We've been lucky so far this past week. Dogs have retrieved 10 hens and only one didn't fly off when released. I usually work my dogs in the off season to keep their mouths soft. Our older dogs have a knack of clamping down just enough to do a retrieve but not hurting the bird. This sometimes leads to an Abbott and Costello routine if the dog delivers a lively bird and I fail to keep a good grip on it myself and the dog has to go get it again. The dog blames me.


----------



## blhunter3 (May 5, 2007)

Our neighbor went out in ND for pheasants and his dog brought back 26 dead or almost dead birds.
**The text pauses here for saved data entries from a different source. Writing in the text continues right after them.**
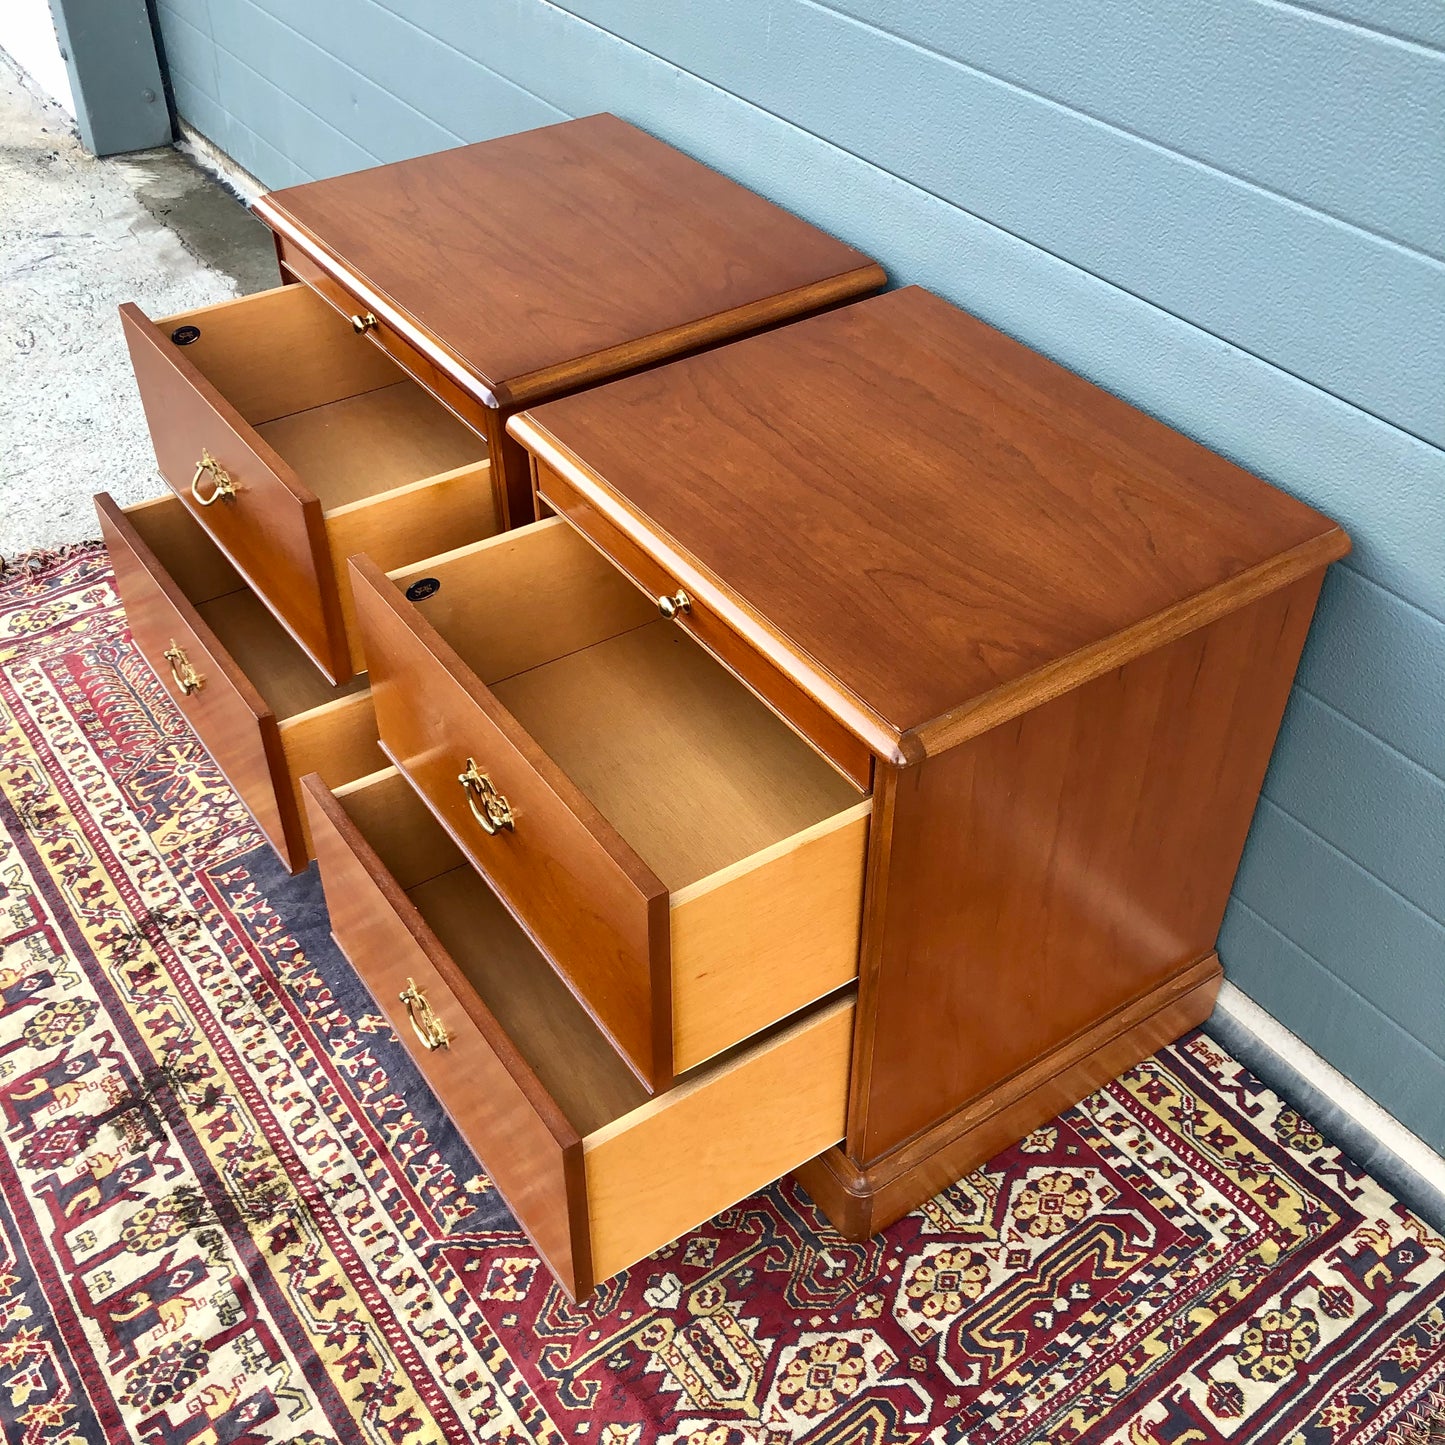 Pair Of Stag Bedside Chests / Stag Bedside Cabinets ( SOLD )
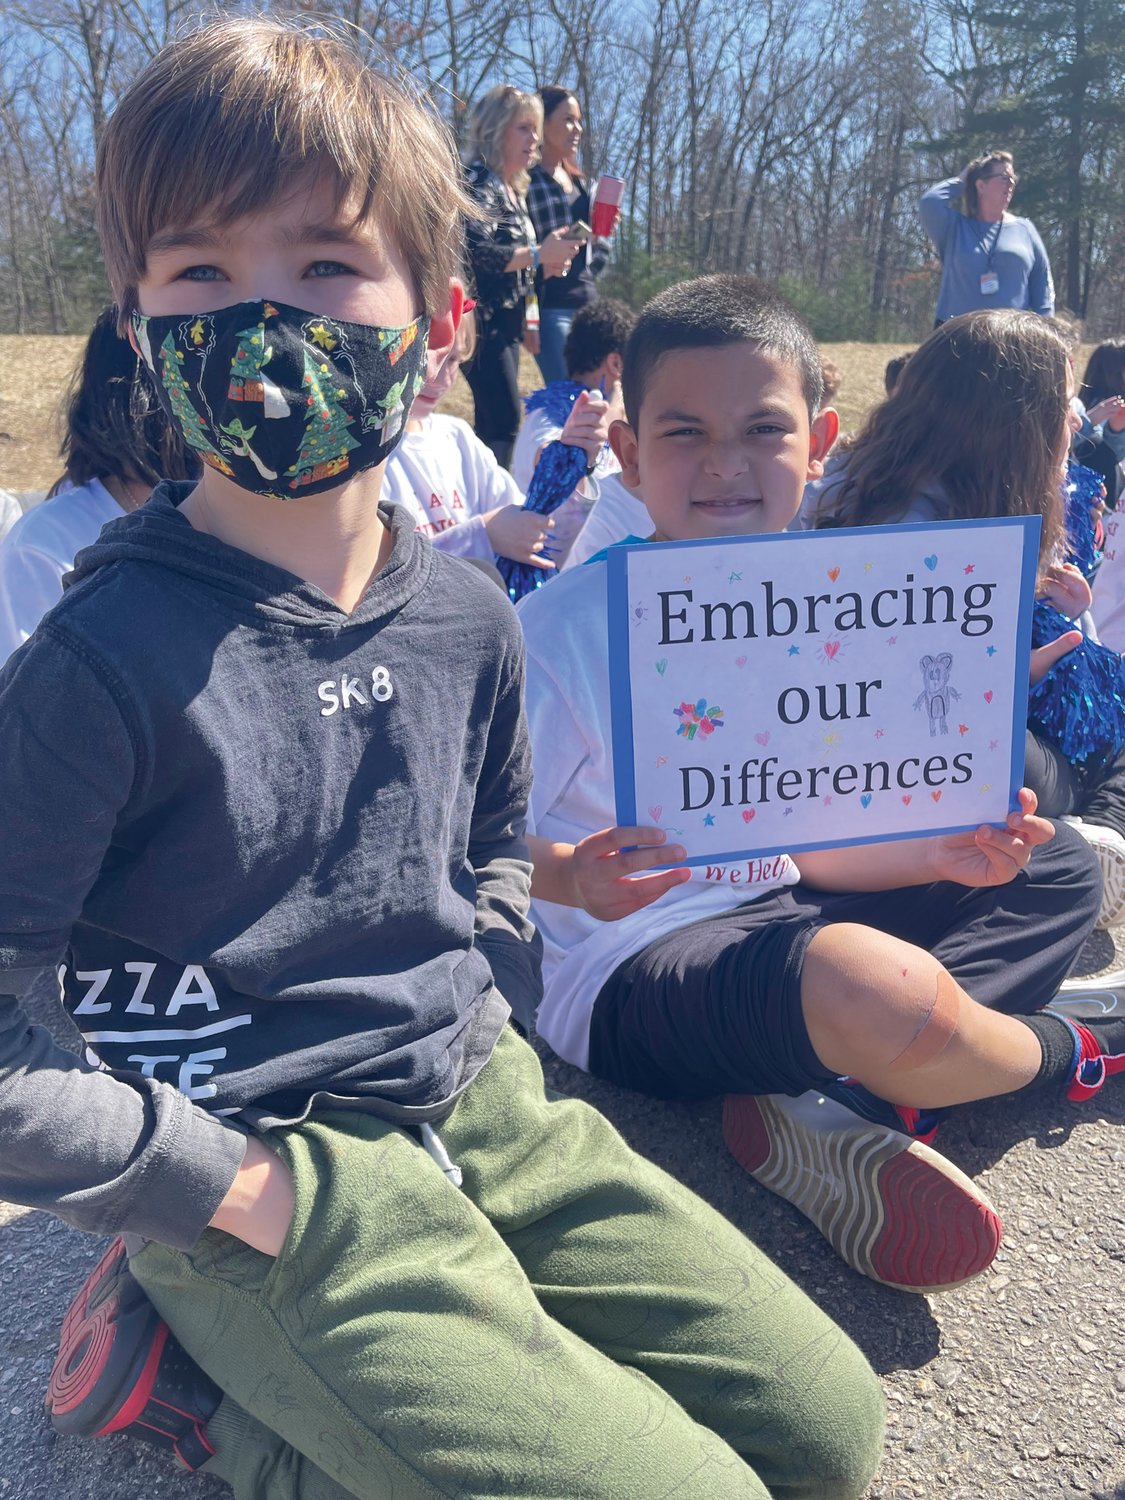 SIGNS OF INCLUSION: Fourth-graders Ryder Dieringer and Ayden Rios holding a sign declaring the Brown Avenue Family believes in “Embracing our Differences.”
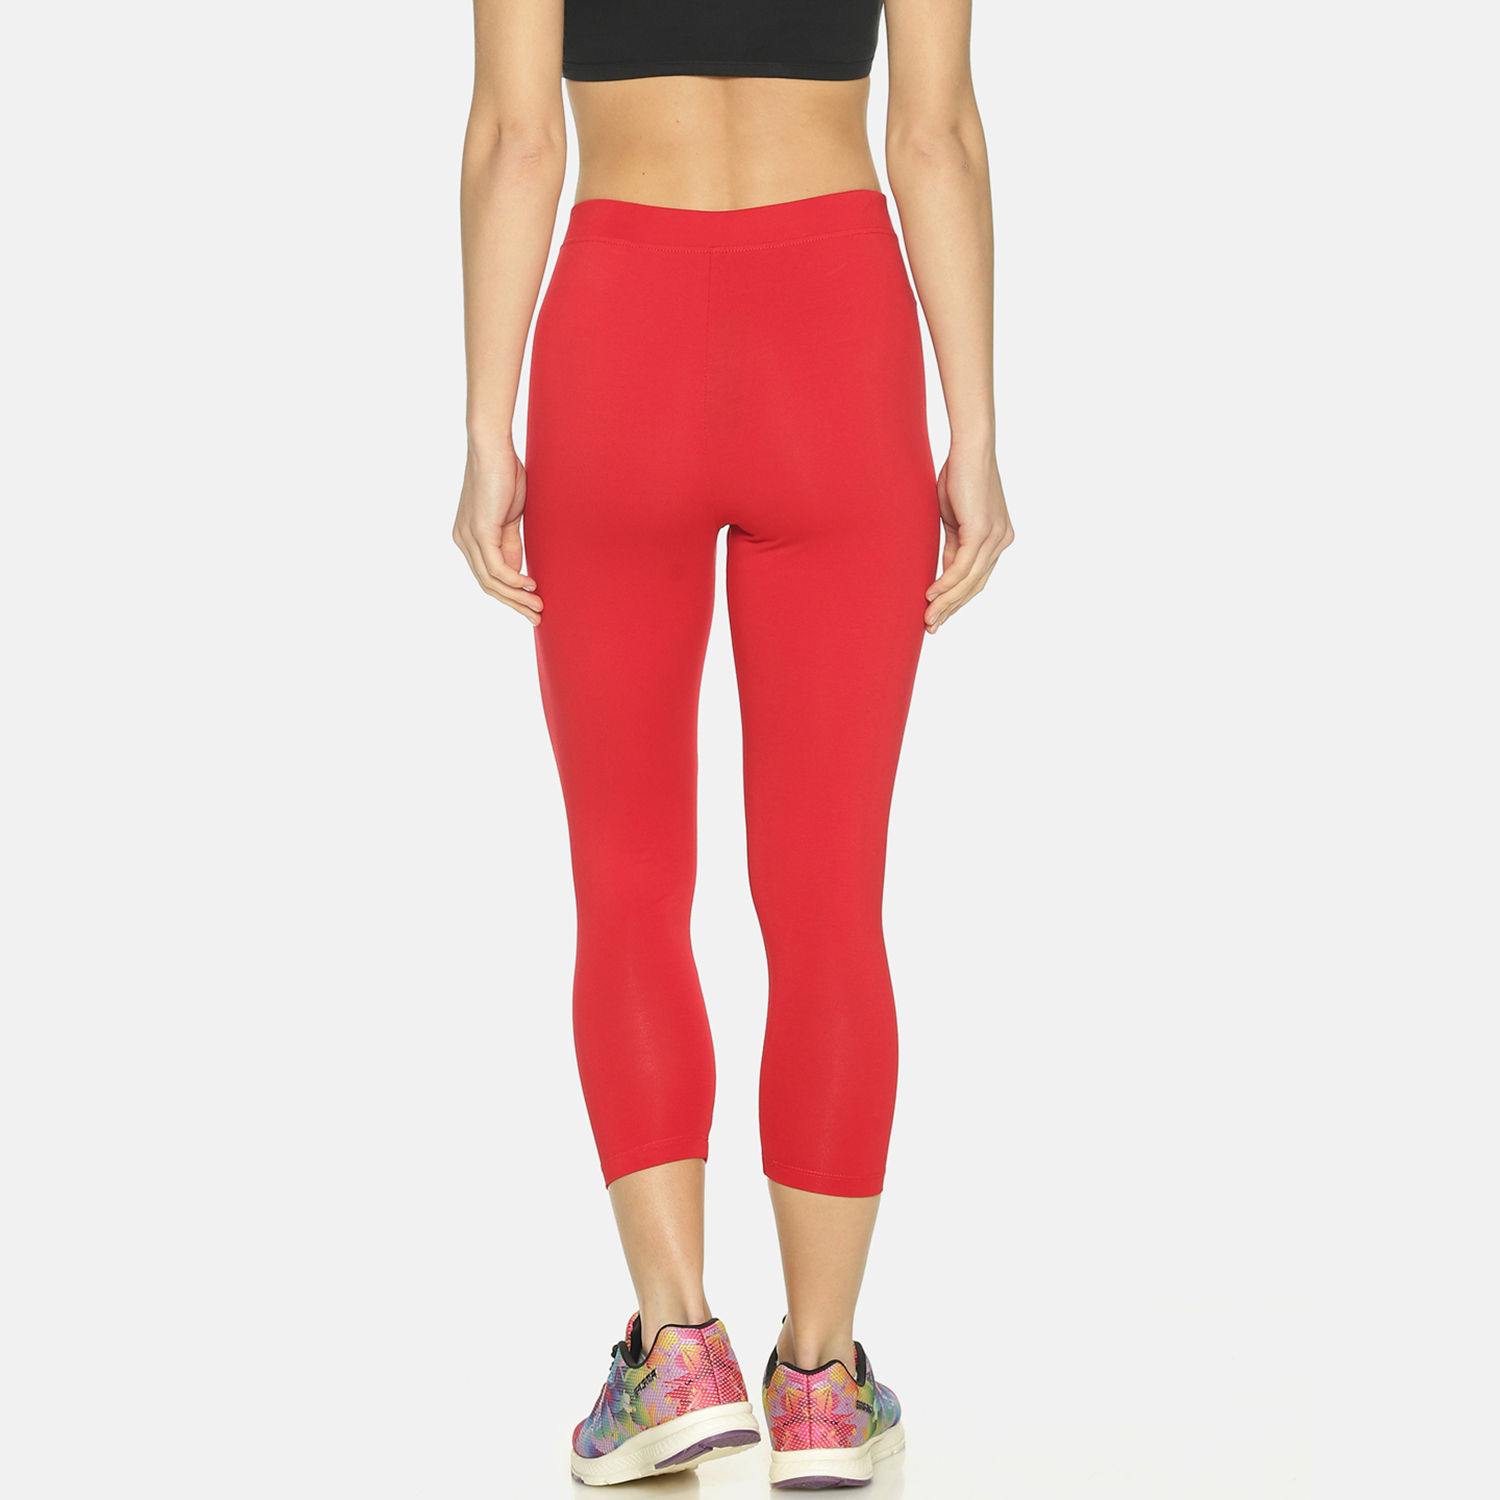 3/4 Length Twin Birds Legging Coral Flame Online Shopping At Lowest Price  In India With Discounts
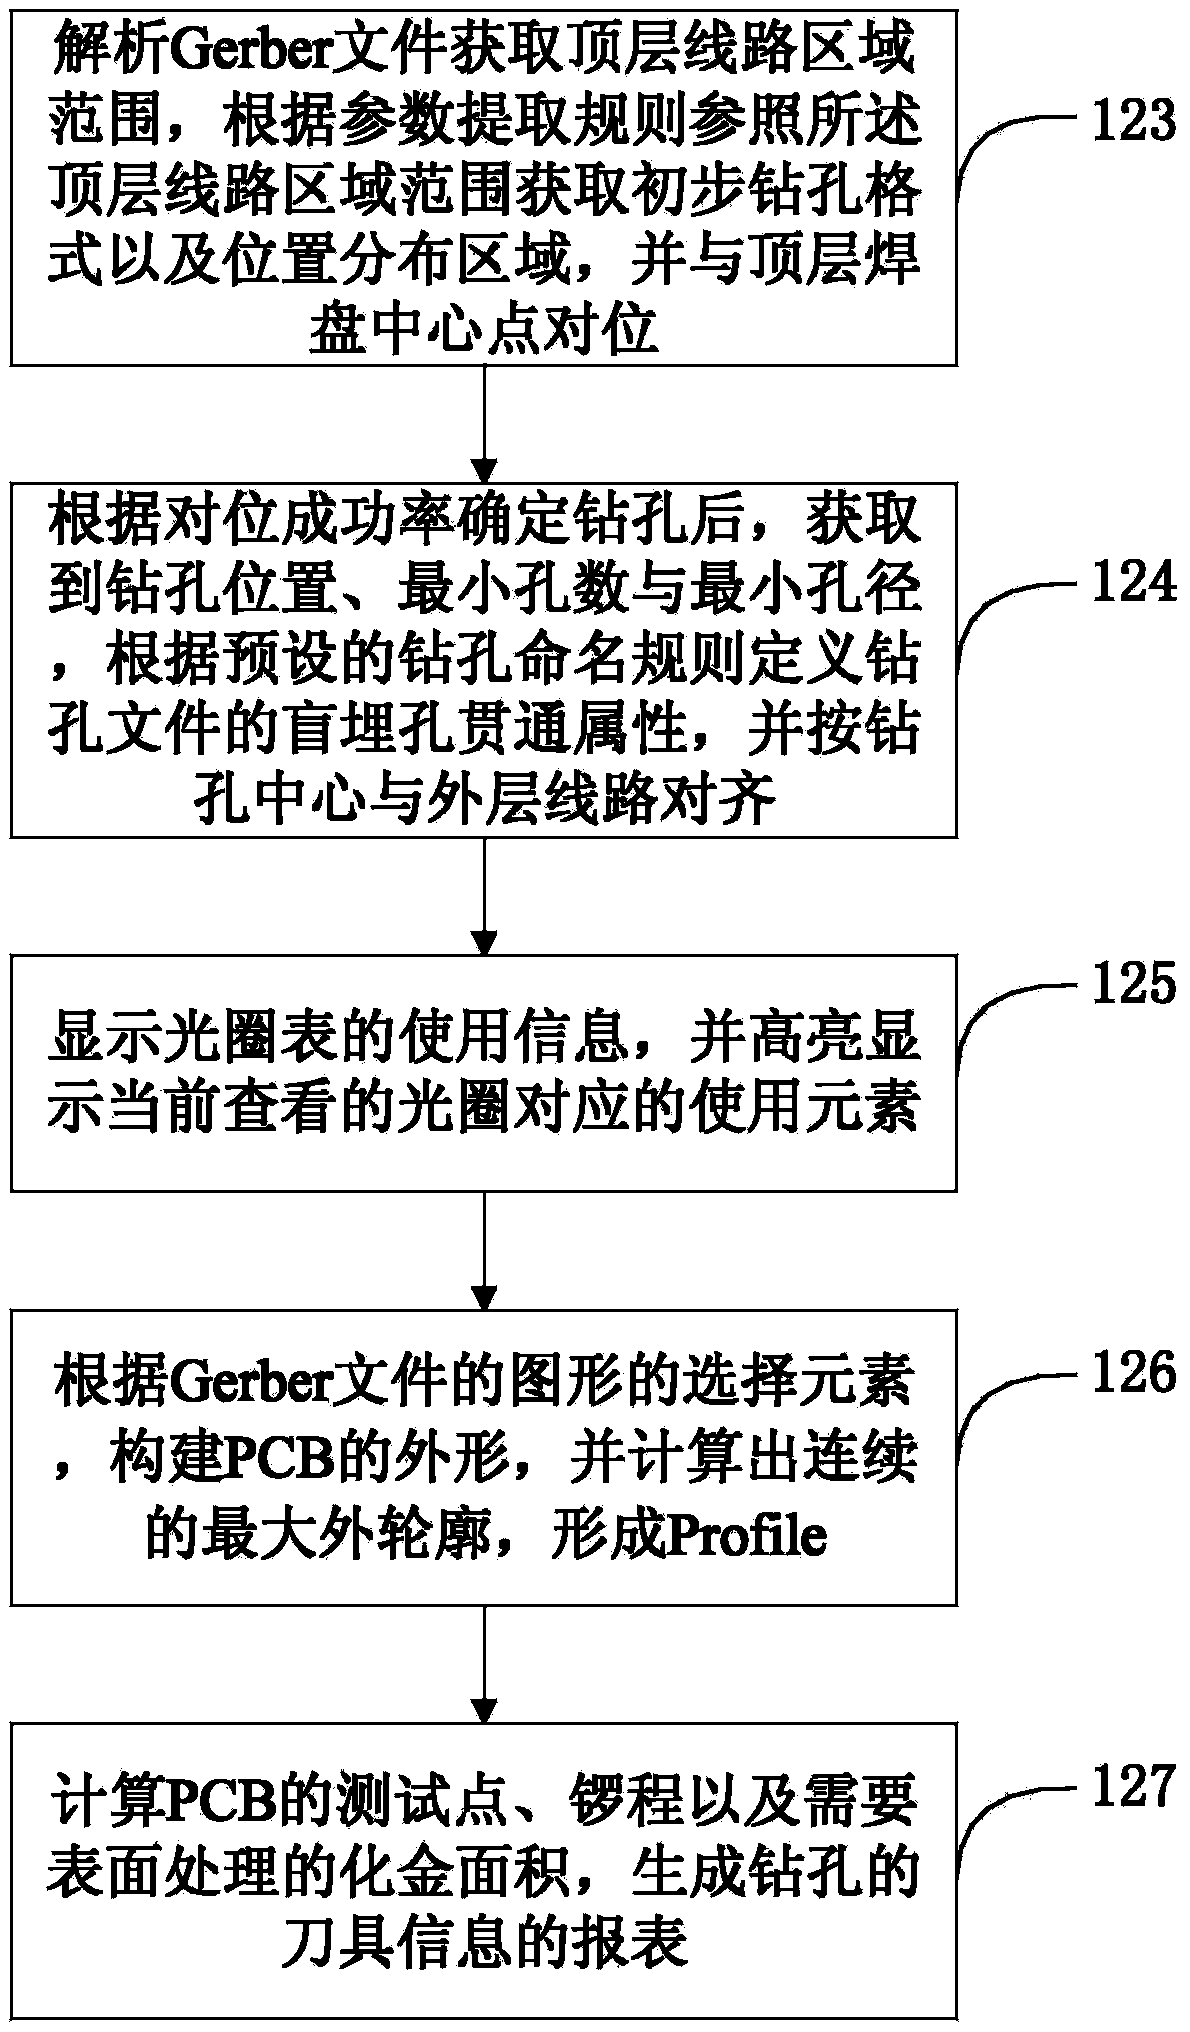 Method and system for automatically auditing PCB project files

I don't think there is anything you can do about your dog bringing back birds.


----------



## trikortreat (Dec 10, 2008)

my old man actually found a dead hen and took my dog out back everyday after work and taught him the leave it, he later realized to stay away from the live ones...i think he realized the smell of them when he found them and later left them alone so now we can continue to hunt without my dog going after hens and killing them...its alot of work but its worth it, took my dog 2 weeks to get the picture. it may sound crazy but it worked..it may be the look of the hens to but like i said it worked

good luck
trikortreat.


----------